The Goldilocks Rule:
The human brain loves a challenge, but only if it is within an optimal zone of difficulty. If you love tennis and try to play a serious match against a four-year-old, you will quickly become bored. It’s too easy. You’ll win every point. In contrast, if you play a professional tennis player like Roger Federer or Serena Williams. You will quickly lose motivation because the match is too difficult.
Now consider playing tennis against someone who is your equal. As the game progresses, you win a few points and you lose a few. You have a good chance of winning, but only if you really try. Your focus narrows, distractions fade away, and you find yourself fully invested in the task at hand. This is a challenge of just manageable difficulty and it is a prime example of the Goldilocks Rule.
The Goldilocks Rule states that humans experience peak motivation. when working on tasks that are right on the edge of their current abilities. Not too hard. Not too easy. Just right.
Martin’s comedy career is an excellent example of the Goldilocks Rule in practice. Each year, he expanded his comedy routine—but only by a minute or two. He was always adding new material, but he also kept a few jokes that were guaranteed to get laughs. There were just enough victories to keep him motivated and just enough mistakes to keep him working hard.
The Goldilocks Rule (How to Stay Motivated in Life and Work)
Measure Your Progress
If you want to learn how to stay motivated to reach your goals, then there is a second piece of the motivation puzzle that is crucial to understand. It has to do with achieving that perfect blend of hard work and happiness.
Working on challenges of an optimal level of difficulty has been found to not only be motivation. But also to be a major source of happiness.
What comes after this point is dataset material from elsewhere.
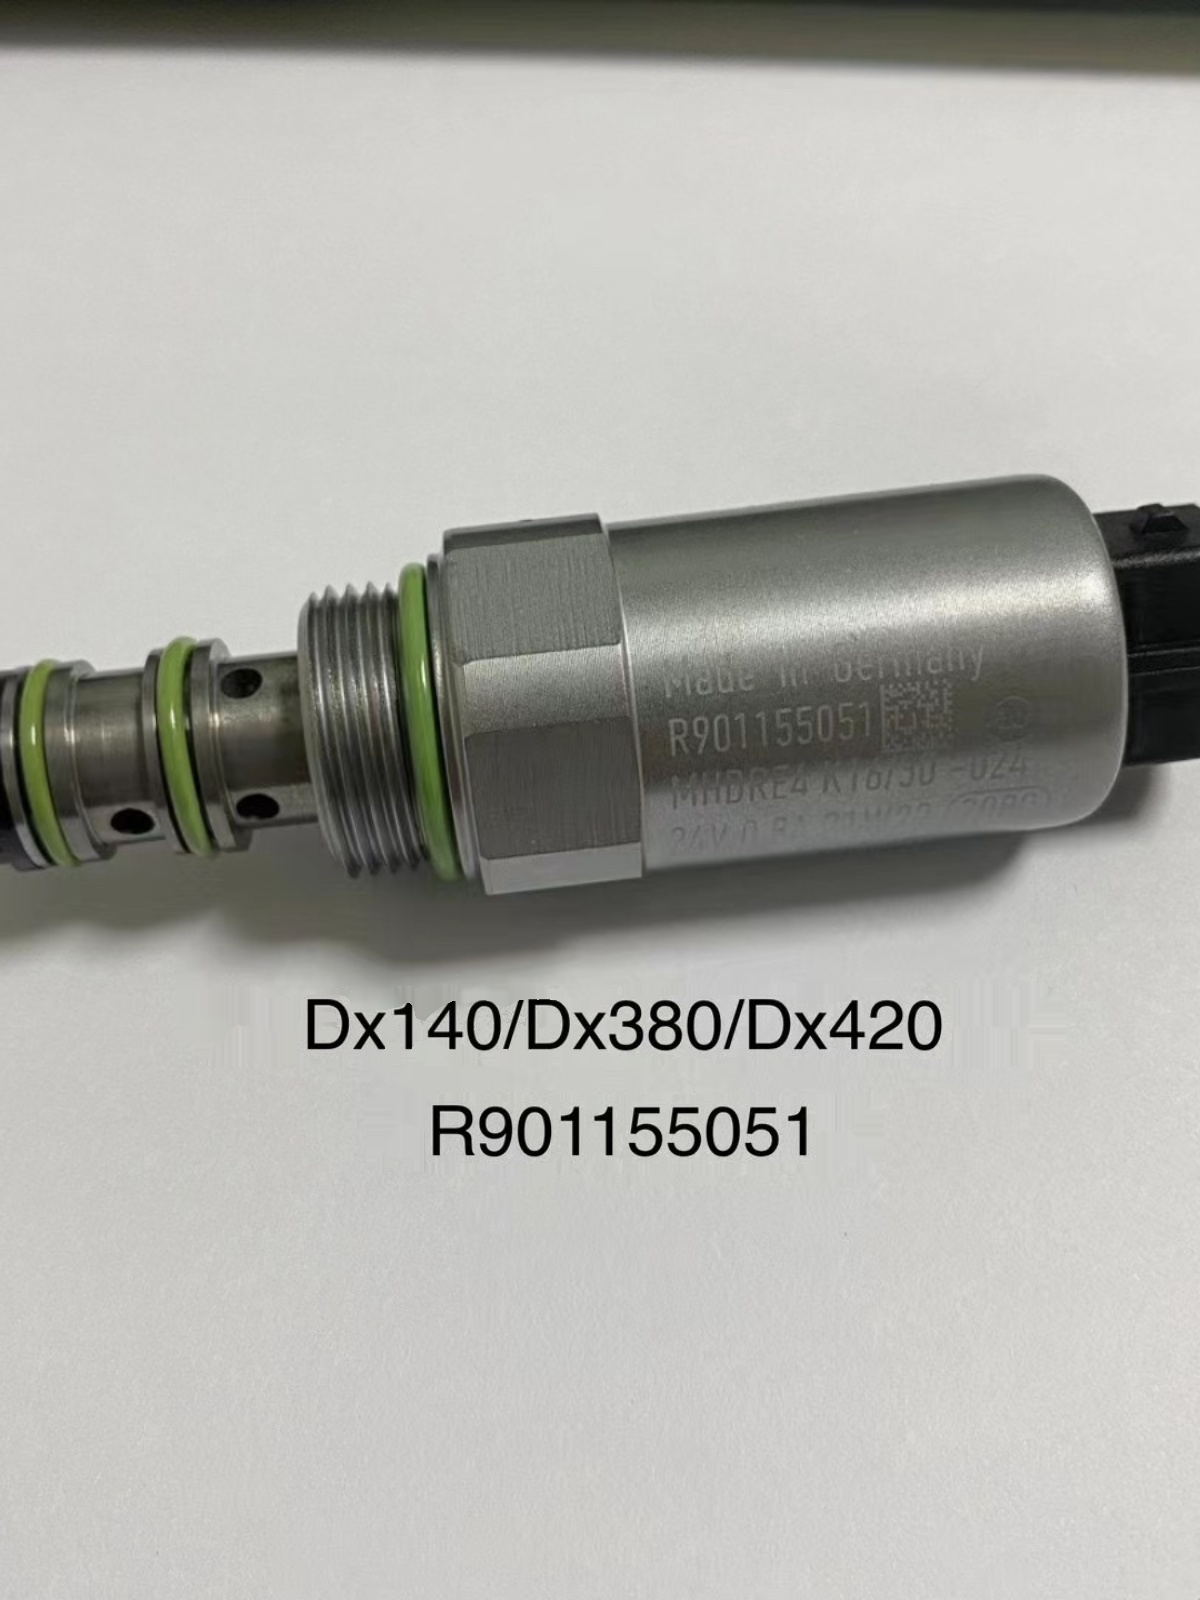 大宇斗山DX140 DX380 DX420-9C挖掘机液压泵比例电磁阀R901155051

As psychologist Gilbert Brim put it. “One of the important sources of human happiness is working on tasks at a suitable level of difficulty, neither too hard nor too easy.”
This blend of happiness and peak performance is sometimes referred to as flow. which is what athletes and performers experience when they are “in the zone.” Flow is the mental state you experience when you are so focused, on the task at hand that the rest of the world fades away.
In order to reach this state of peak performance, however, you not only need to work on challenges at the right degree of difficulty, but also measure your immediate progress. As psychologist Jonathan Haidt explains, one of the keys to reaching a flow state is that “you get immediate feedback about how you are doing at each step.”
Seeing yourself make progress in the moment is incredibly motivating. Steve Martin would tell a joke and immediately know if it worked based on the laughter of the crowd. Imagine how addicting it would be to create a roar of laughter. The rush of positive feedback Martin experienced from one great joke. Would probably be enough to overpower his fears and inspire him to work for weeks.
In other areas of life, measurement looks different. But is just as critical for achieving a blend of motivation and happiness. In tennis, you get immediate feedback based on whether or not you win the point. Regardless of how it is measured, the human brain needs some way to visualize our progress. If we are to maintain motivation. We need to be able to see our wins.
Two Steps to Motivation
If we want to break down the mystery of how to stay motivated for the long-term, we could simply say:
Stick to The Goldilocks Rule and work on tasks of just manageable difficulty.
Measure your progress and receive immediate feedback whenever possible.
Wanting to improve your life is easy. Sticking with it is a different story. If you want to stay motivated for good, then start with a challenge that is just manageable. Measure your progress, and repeat the process.